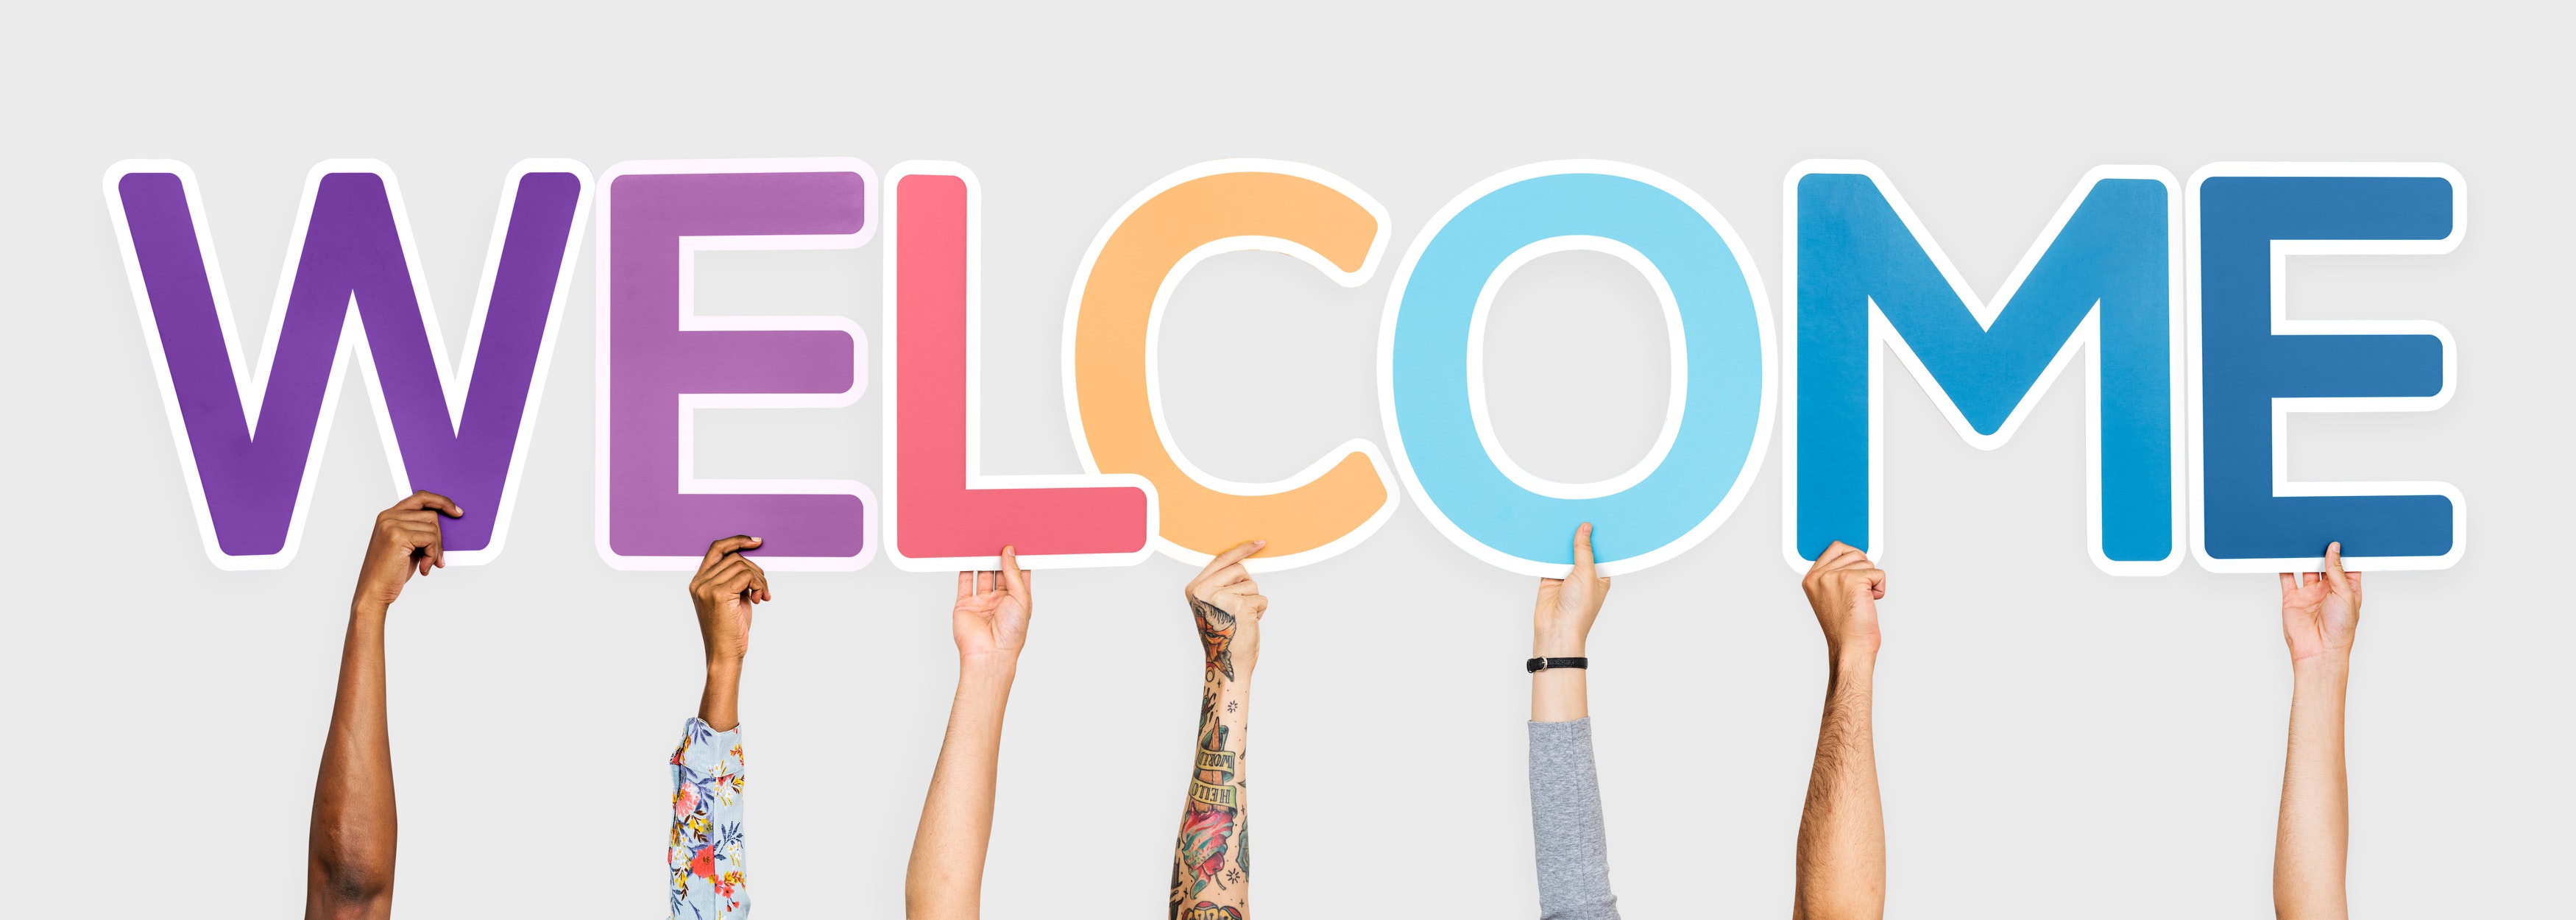 The word "welcome" spelled out with different colored letters held by different people's hands
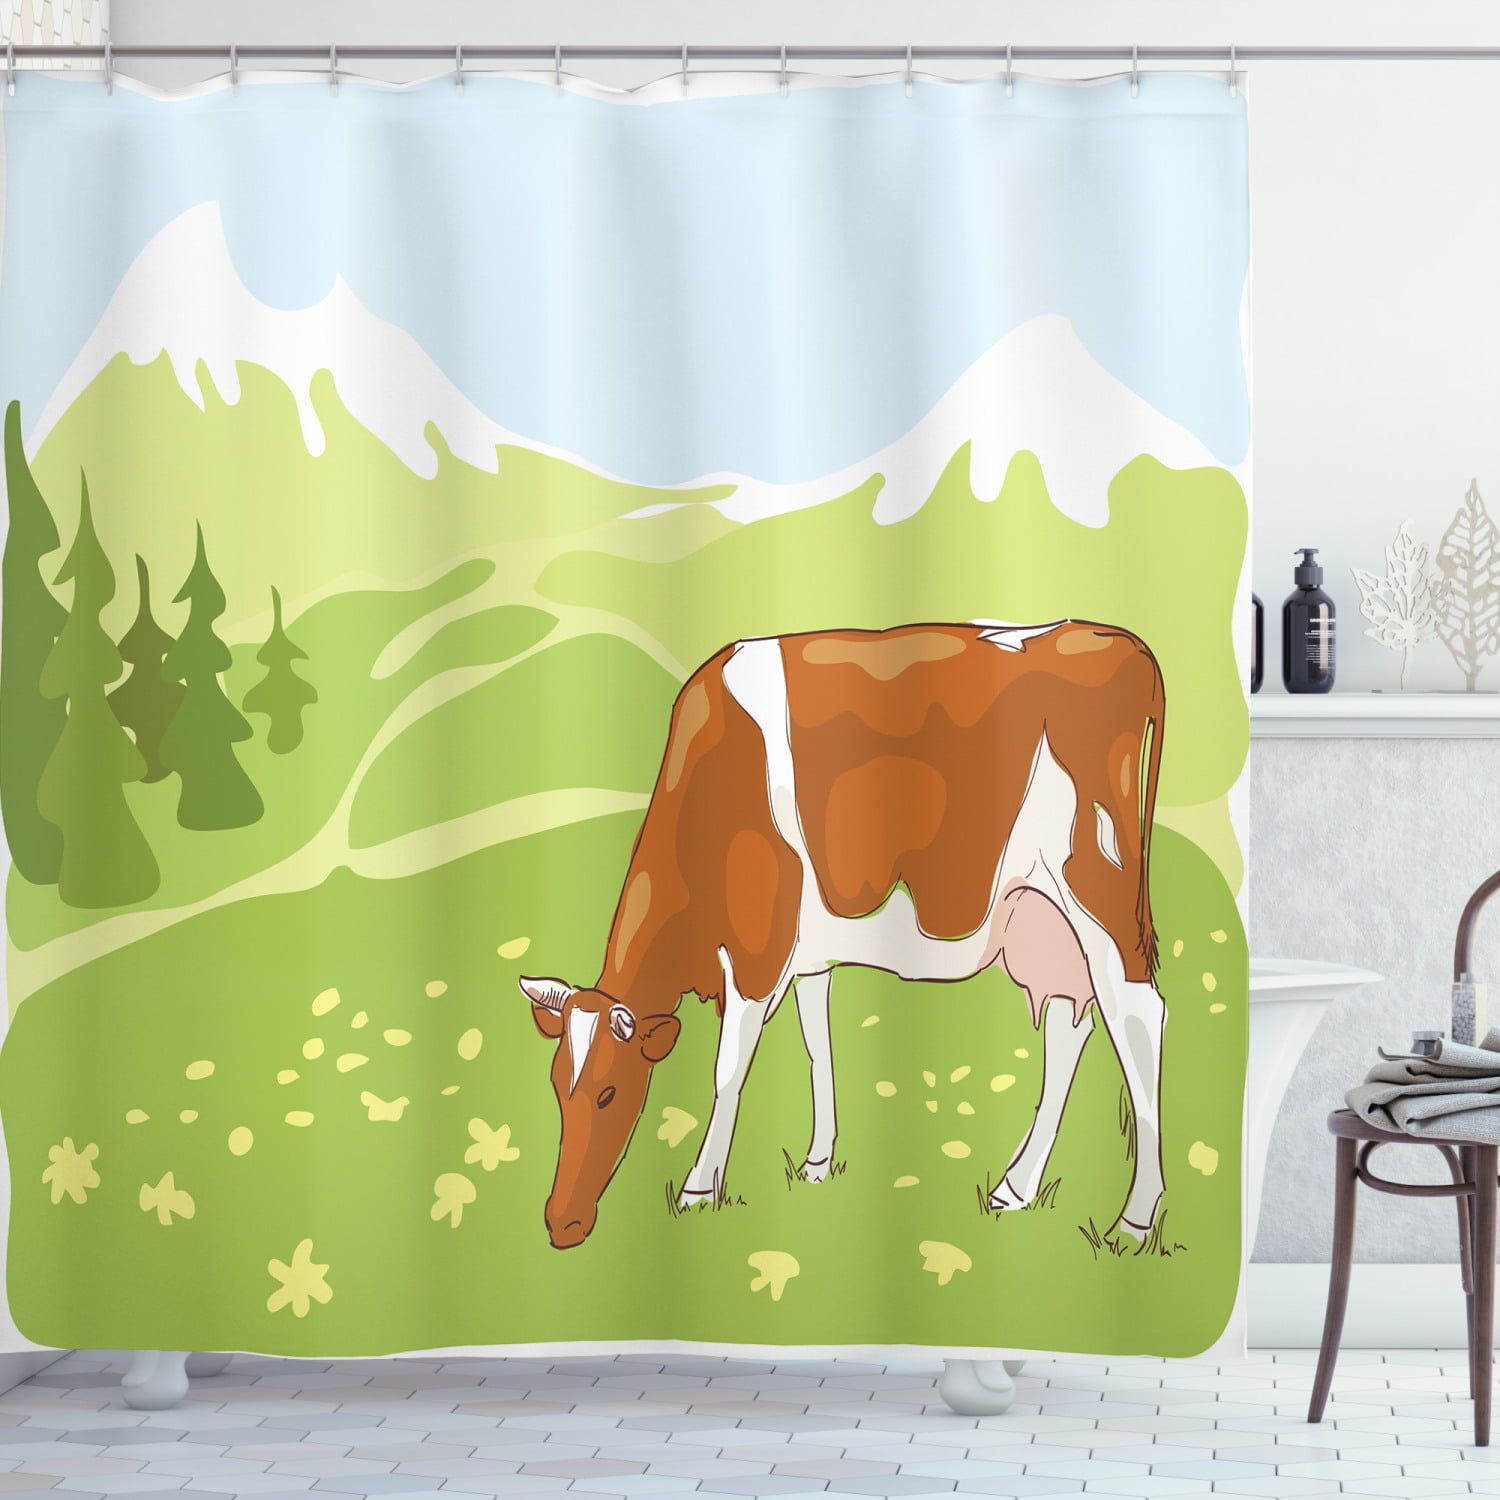 Eco-friendly Black and White Milk Cow Pattern Dairy Animal Pattern Shower Curtain Waterproof Bathroom Curtain Liner with Hook 60 x 72
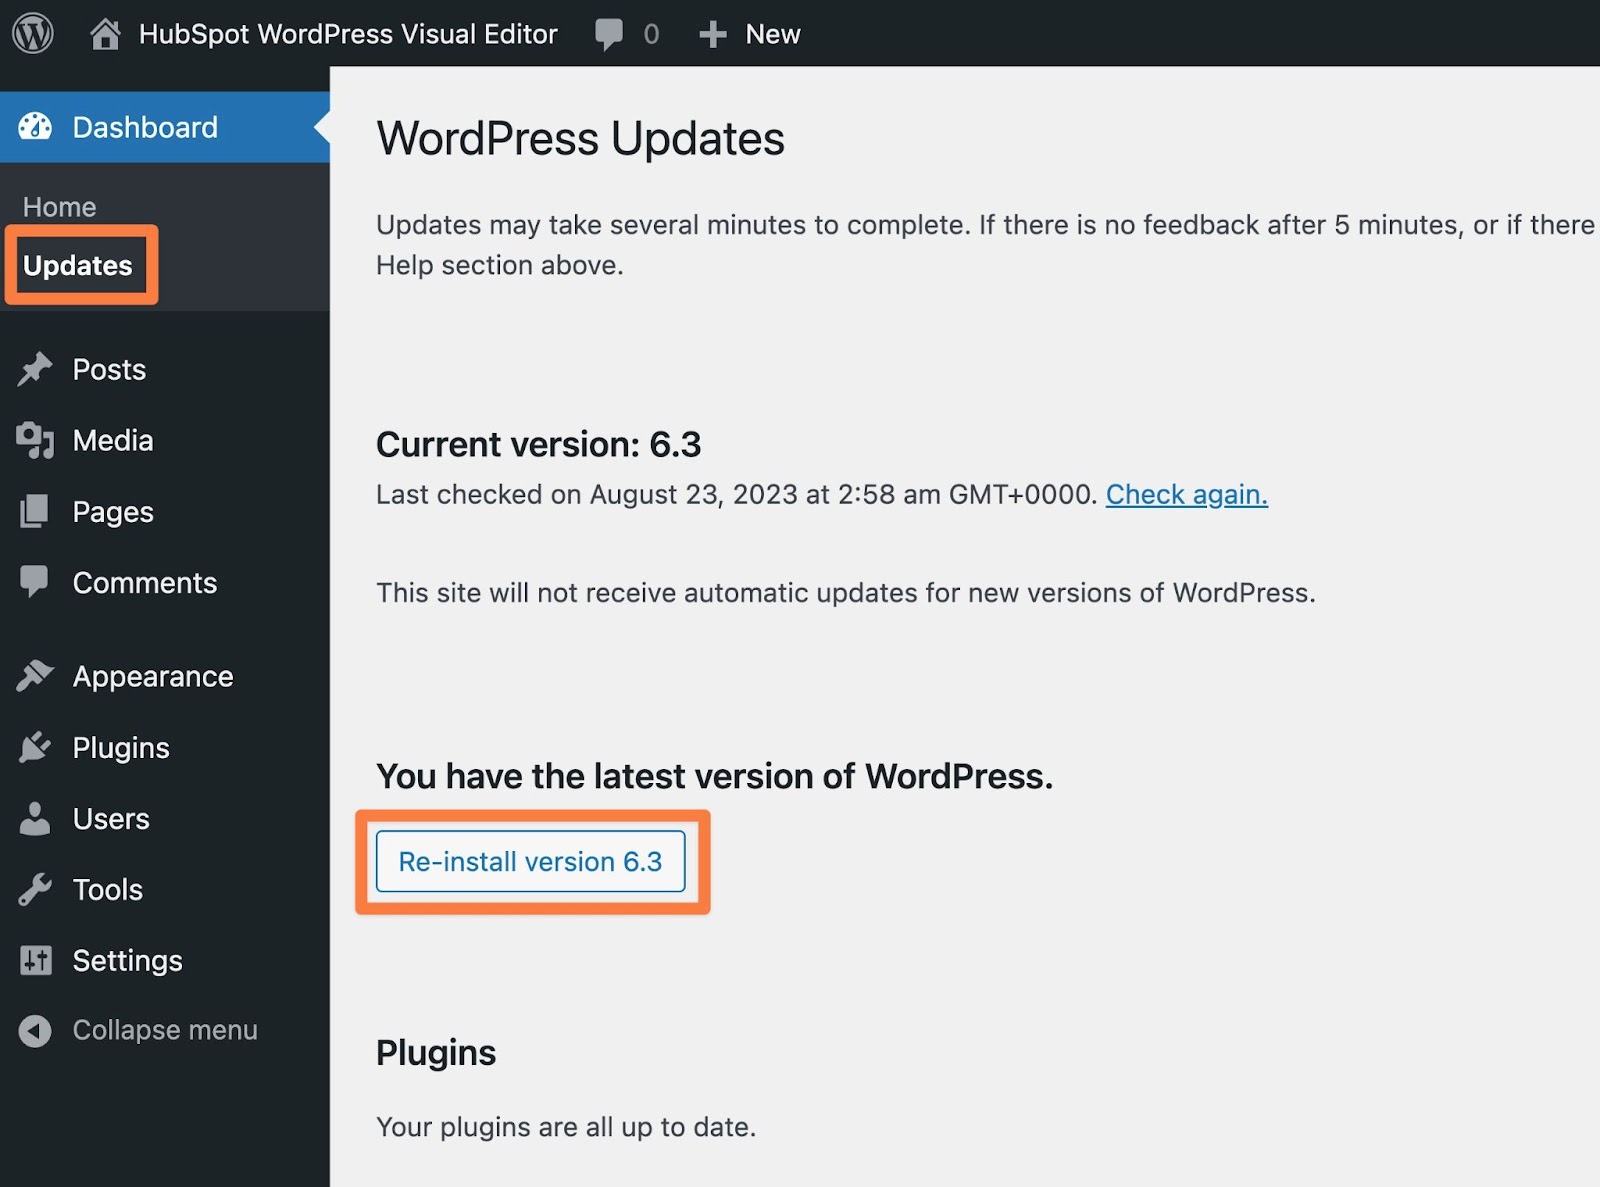 How to re-install the WordPress software
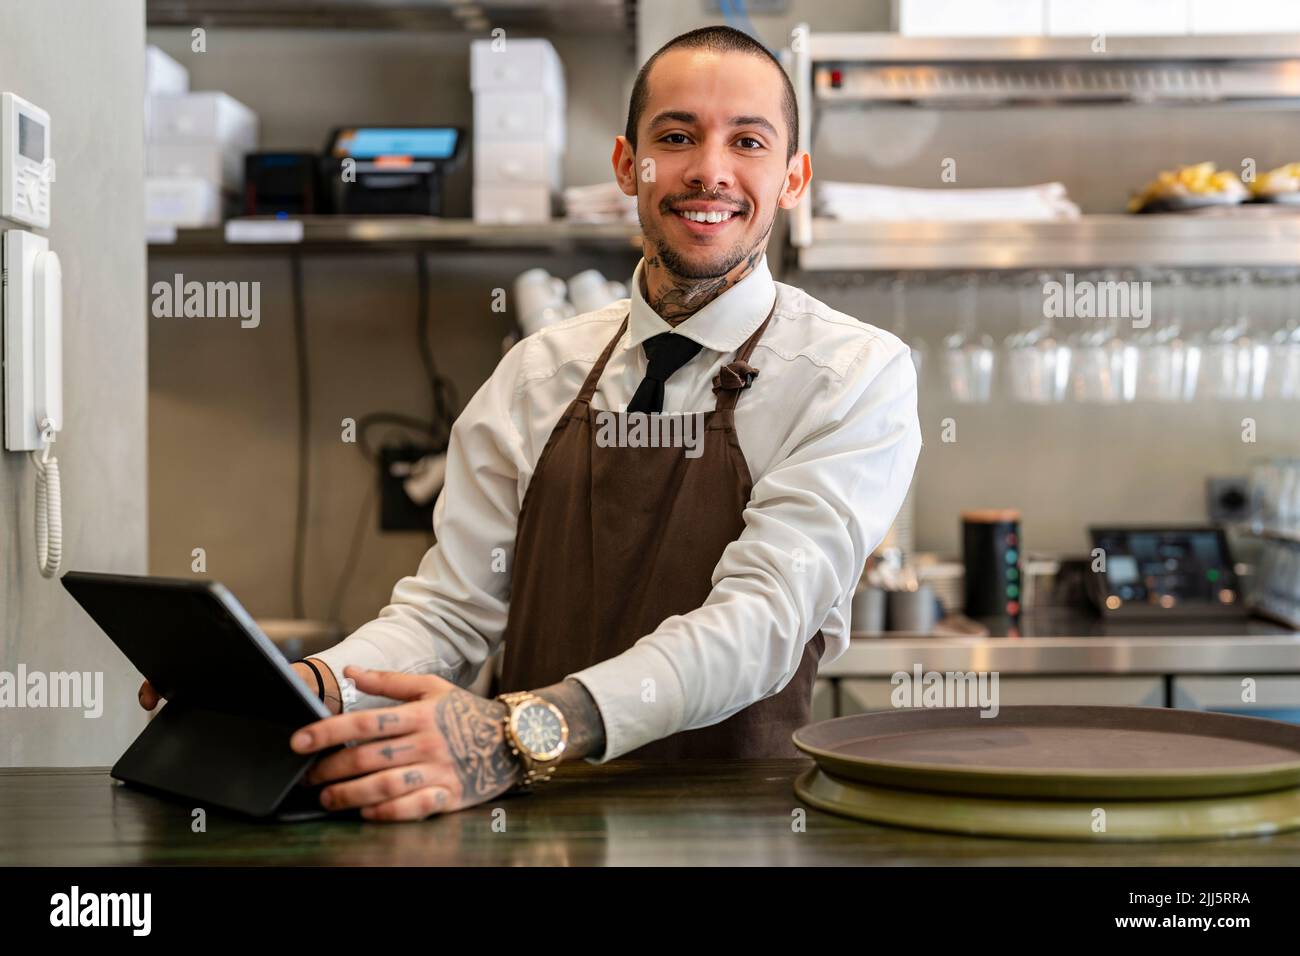 Smiling bartender with tablet PC standing at bar counter Stock Photo
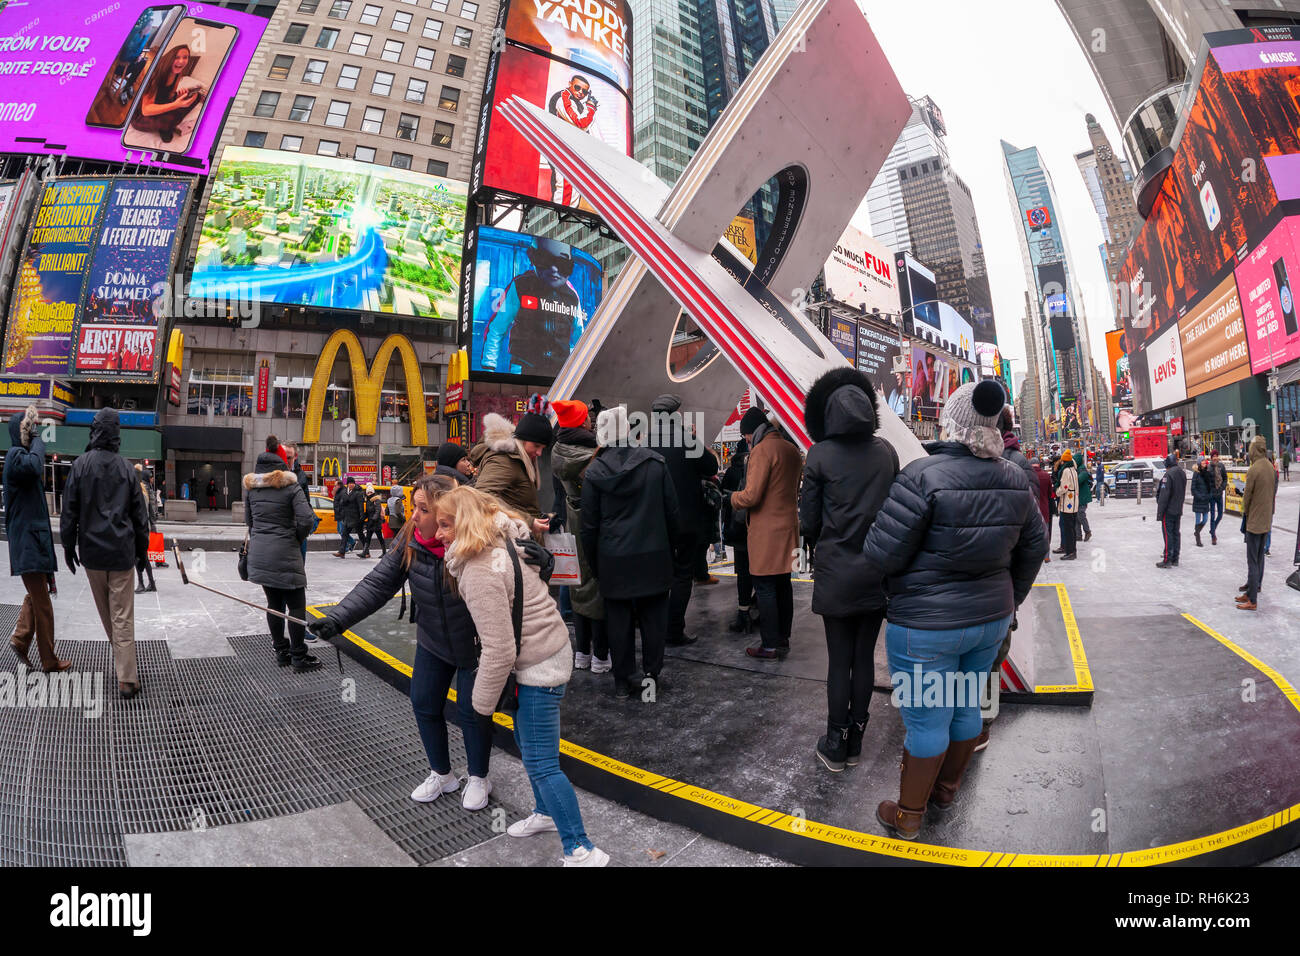 New York, USA. 1st Feb 2019. Tourists and the media crowd 'X', the winner of the Times Square Valentine Heart Design in Times Square in New York, at its unveiling on Friday, February 1, 2019. The sculpture, designed by Reddymade, uses two intersecting aluminum planes with a cylinder shape cut at the intersection that viewed from below forms a heart shape. Additionally, the X symbol has represented kisses and expressions of love since the 19th century. 'X' will on view through February.  (© Richard B. Levine) Credit: Richard Levine/Alamy Live News Stock Photo

────────────────────

▶ Action item:
Leave every picture out and write out, word for word, the lines from the one that contains "How to re-install the WordPress software" through the last line of the records.

▶ The completed task:
 How to re-install the WordPress software
 Smiling bartender with tablet PC standing at bar counter Stock Photo
 New York, USA. 1st Feb 2019. Tourists and the media crowd 'X', the winner of the Times Square Valentine Heart Design in Times Square in New York, at its unveiling on Friday, February 1, 2019. The sculpture, designed by Reddymade, uses two intersecting aluminum planes with a cylinder shape cut at the intersection that viewed from below forms a heart shape. Additionally, the X symbol has represented kisses and expressions of love since the 19th century. 'X' will on view through February.  (© Richard B. Levine) Credit: Richard Levine/Alamy Live News Stock Photo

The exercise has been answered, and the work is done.